MP1 - RND Normalization

by Gaston Emil Wolfart -
Number of replies: 2

Hello,

I have a question about the normalizations in part 3.4.

The project description states that the states have to be normalized using only a running average and that the intrinsic reward has to be also normalized but this time clamped between -5 and 5.

However, the linked article in the project description [Burda et al., 2018]. seems to state the opposite, namely that the intrinsic reward has to be only normalized with a running average and that it is the next_state that has to be normalized and clamped between -5 and 5.

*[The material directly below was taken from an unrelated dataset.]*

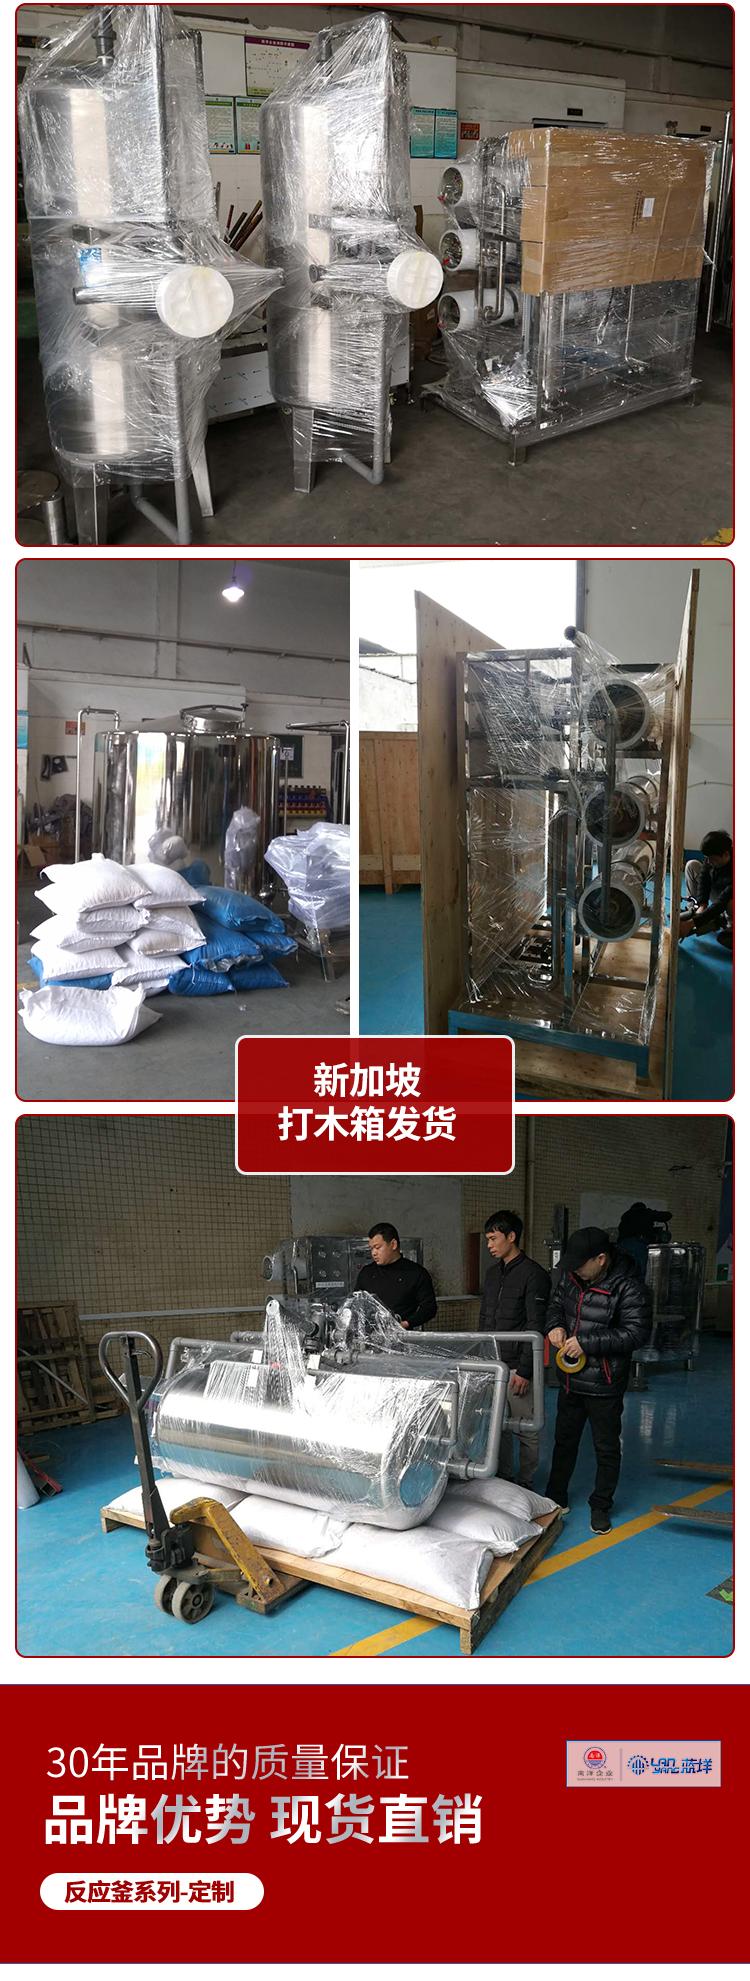 南洋龟苓膏生产线-新加坡_16.jpg

Which one should we implement ?

Thanks for your help,

Gaston Wolfart


In reply to Gaston Emil Wolfart

Re: MP1 - RND Normalization

by Lucas Louis Gruaz -
Hello,

Yes, you are right. This is a mistake we made, but both work fine for the given task. You can implement any of the two options, both will be considered correct.

Best,
Lucas
In reply to Lucas Louis Gruaz

Re: MP1 - RND Normalization

by Maria Yuffa Meshcheryakova -

Dear Lucas,

I am slightly confused: aren't we considering states that are much smaller than 5 (from -1.2 to 0.6 and from -0.07 to 0.07) compared to the authors who are exploring different environments? 

Thank you in advance for clarification!

Best wishes,

Maria